INSTRUCTIONS FOR THE TASK – Copy the following data exactly and drop the pictures.

SOURCE MATERIAL –
+---+

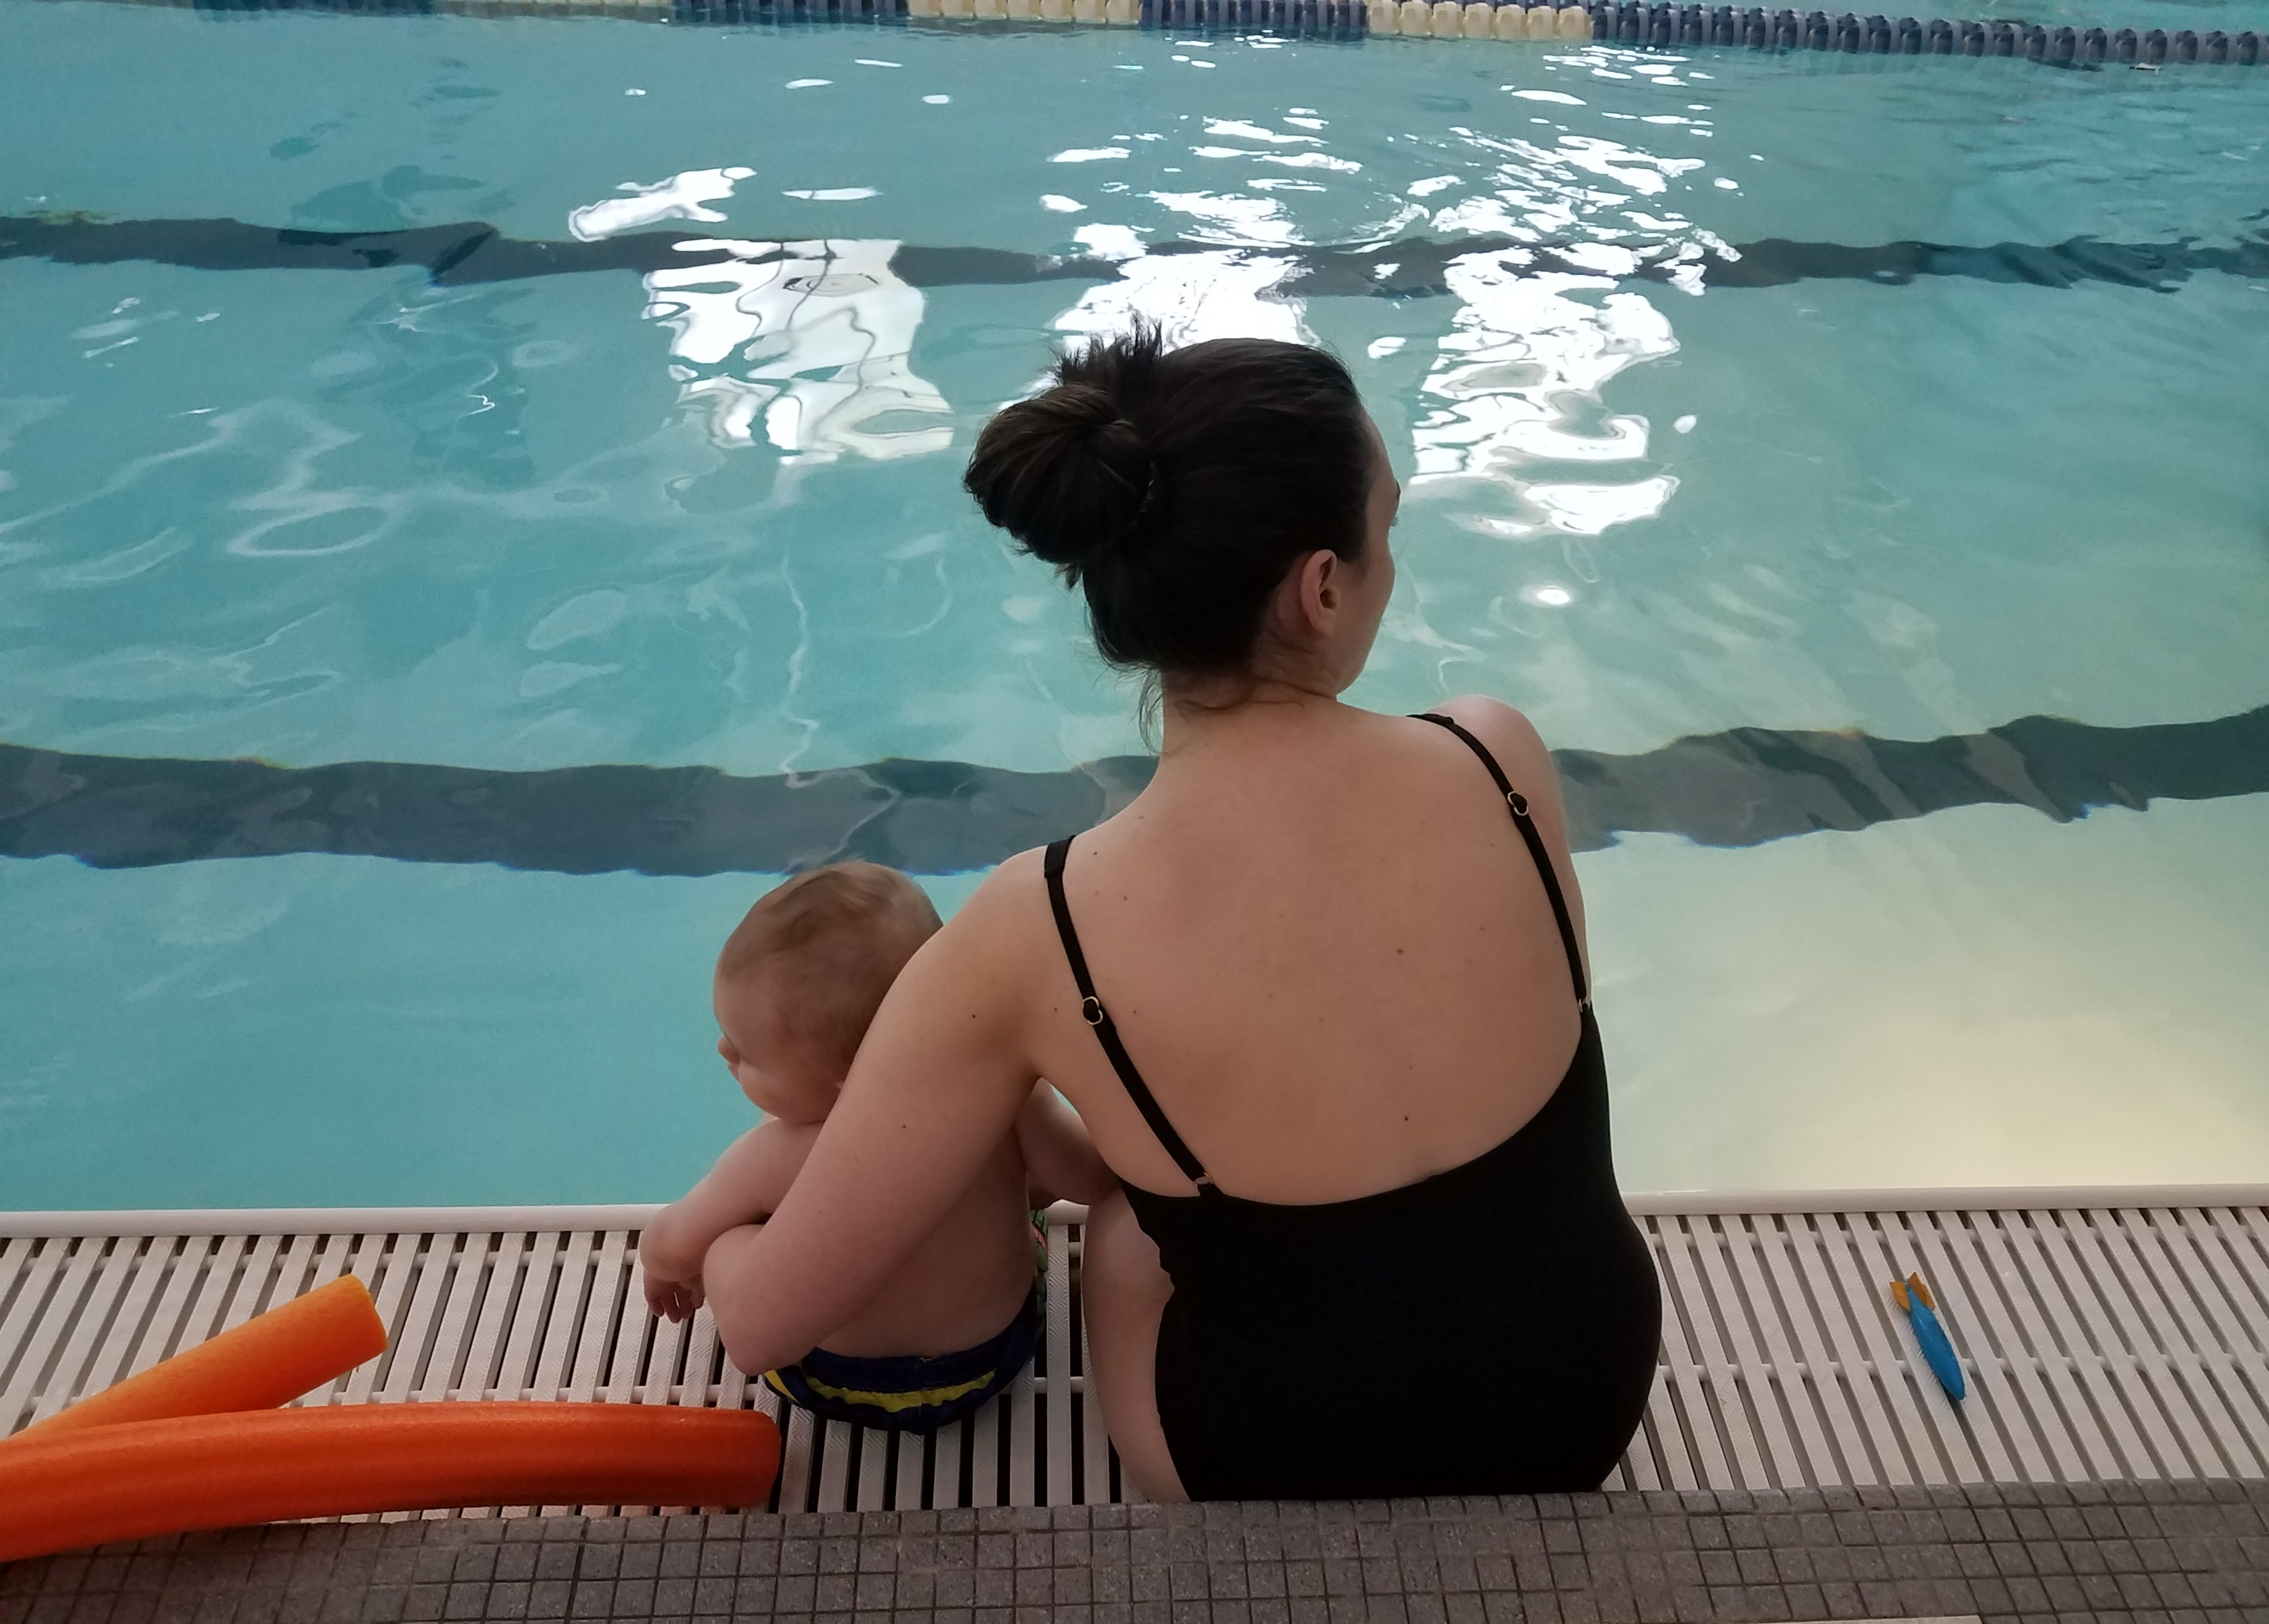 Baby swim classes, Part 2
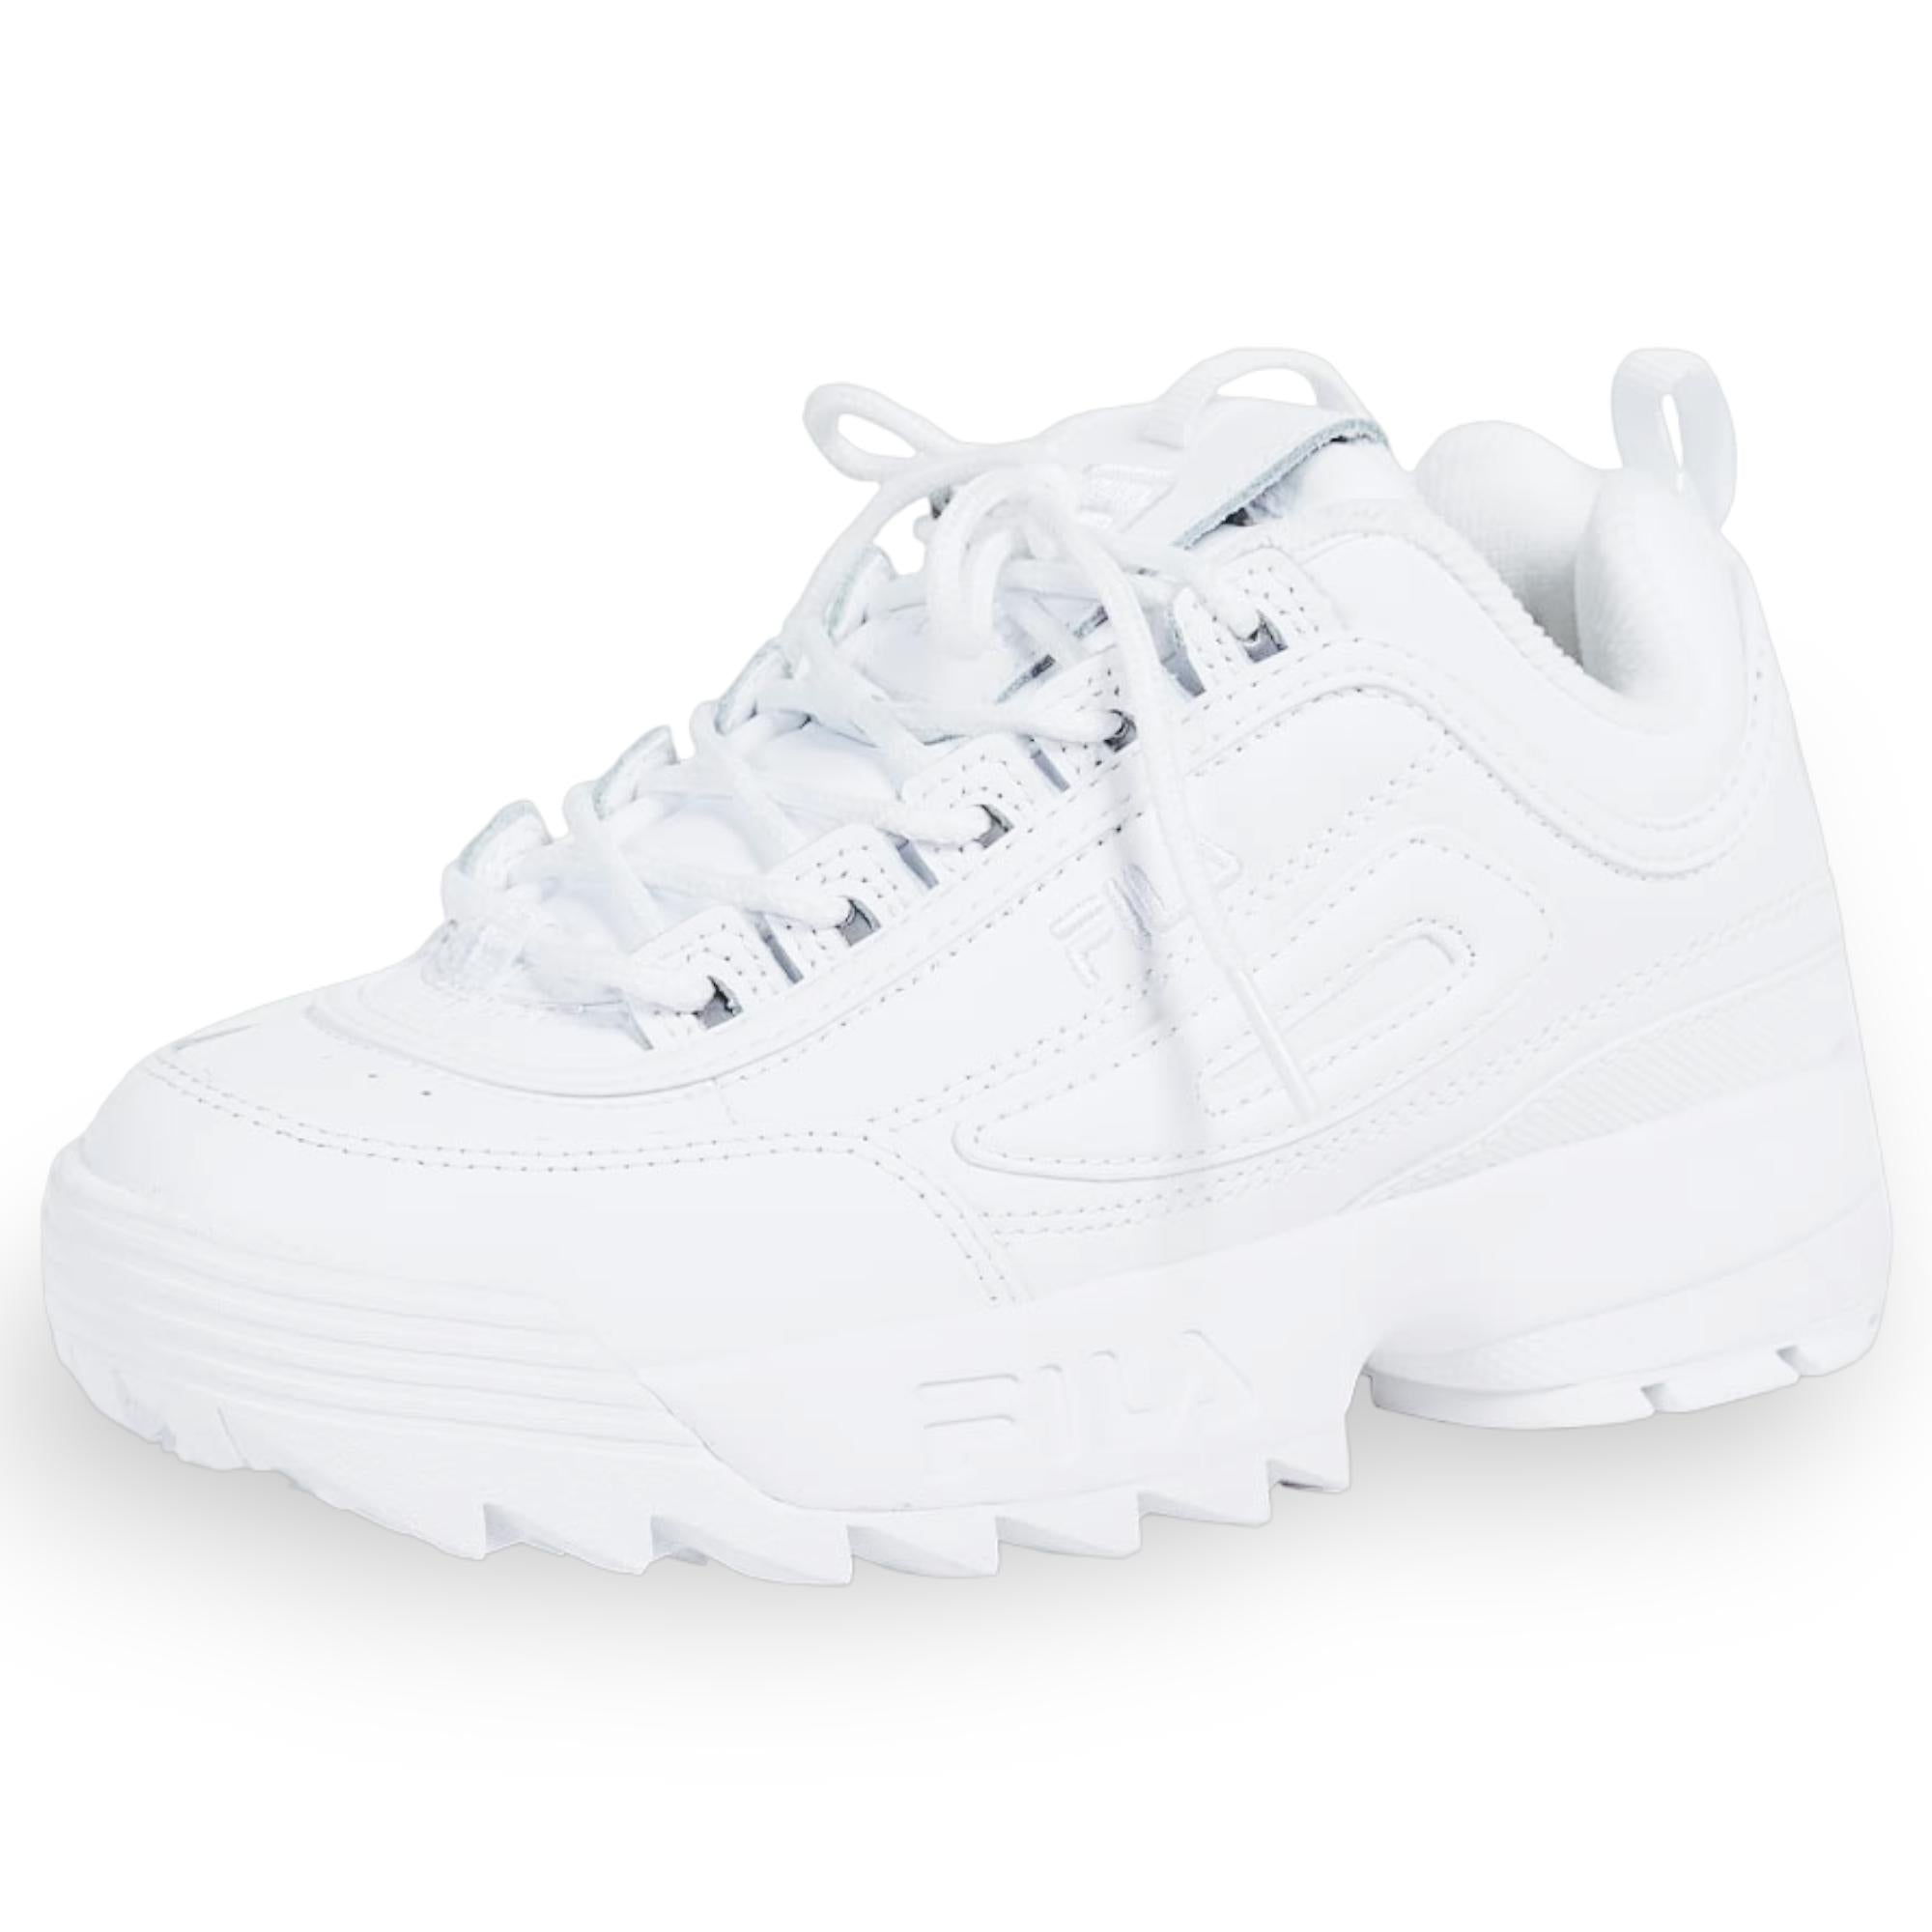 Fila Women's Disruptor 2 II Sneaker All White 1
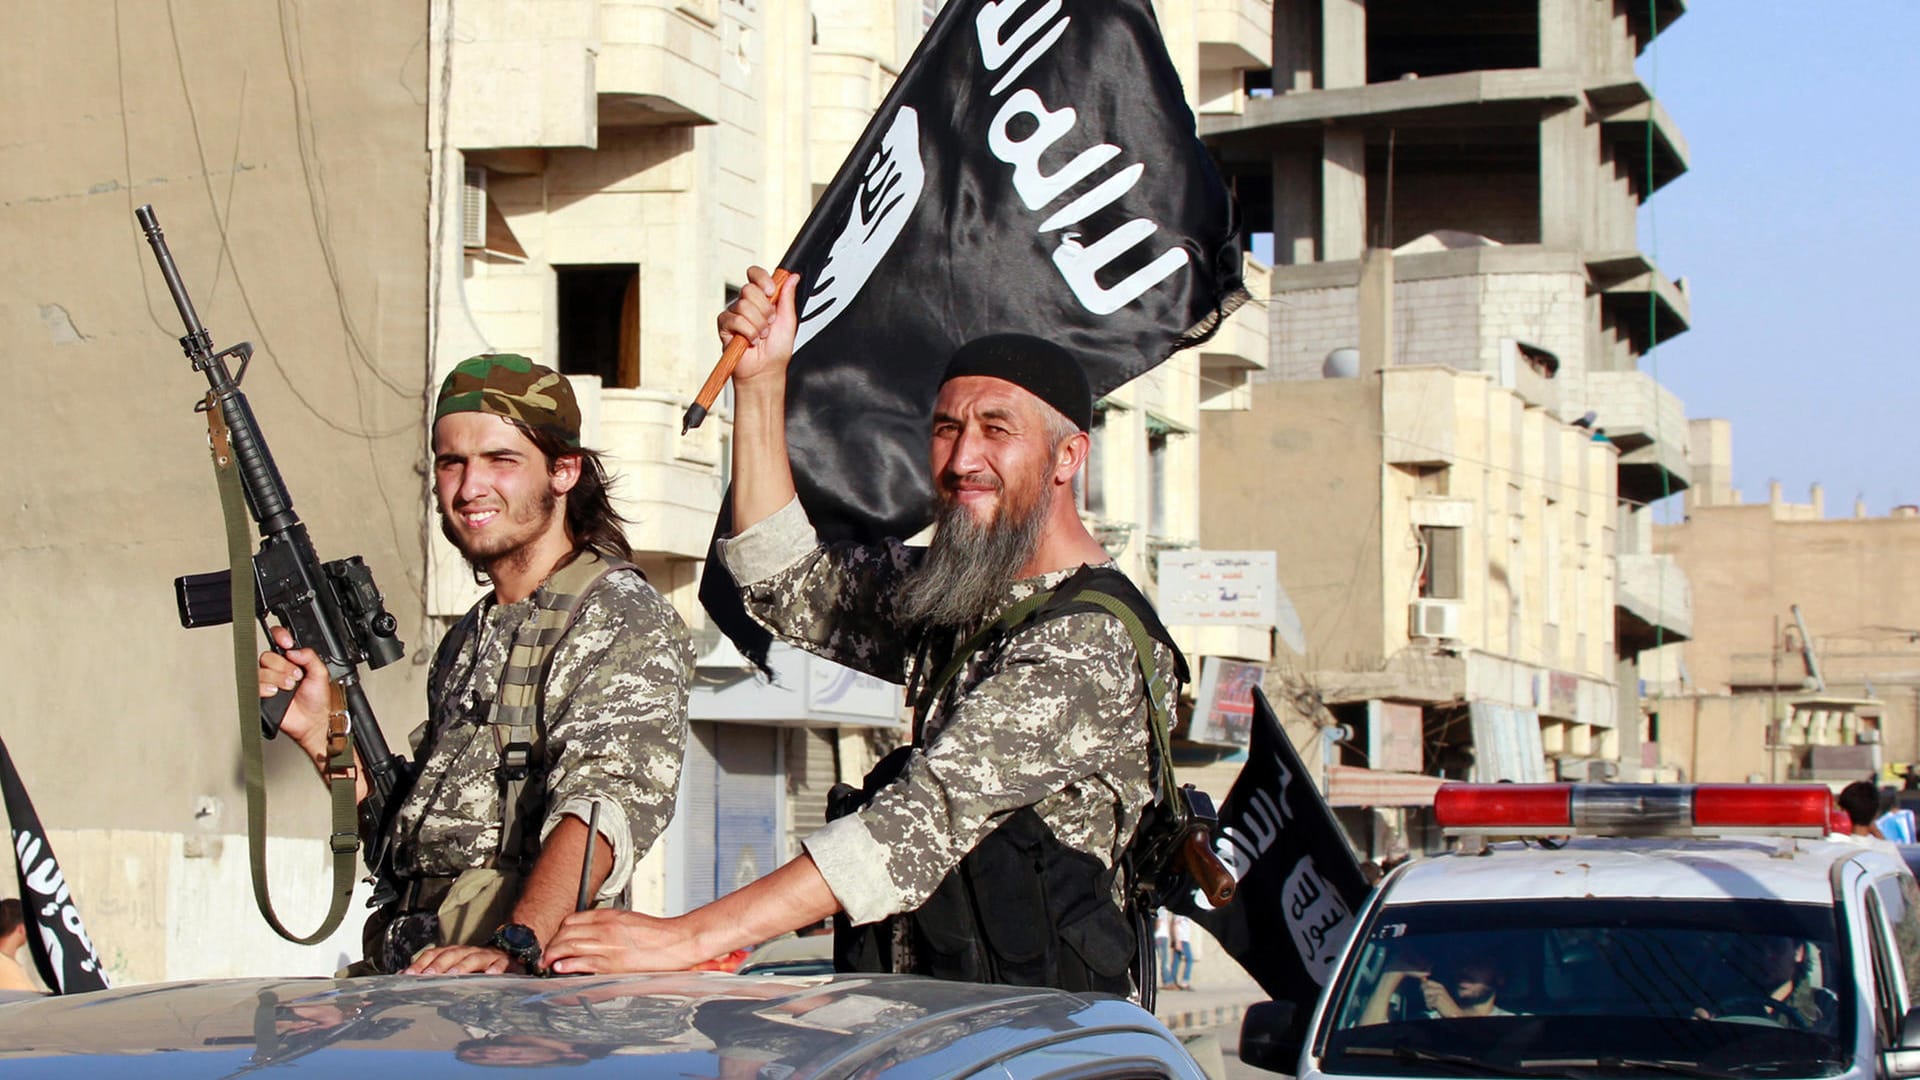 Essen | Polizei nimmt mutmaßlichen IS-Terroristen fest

+---+

TASK RESULT –
 Baby swim classes, Part 2
 Fila Women's Disruptor 2 II Sneaker All White 1
 Essen | Polizei nimmt mutmaßlichen IS-Terroristen fest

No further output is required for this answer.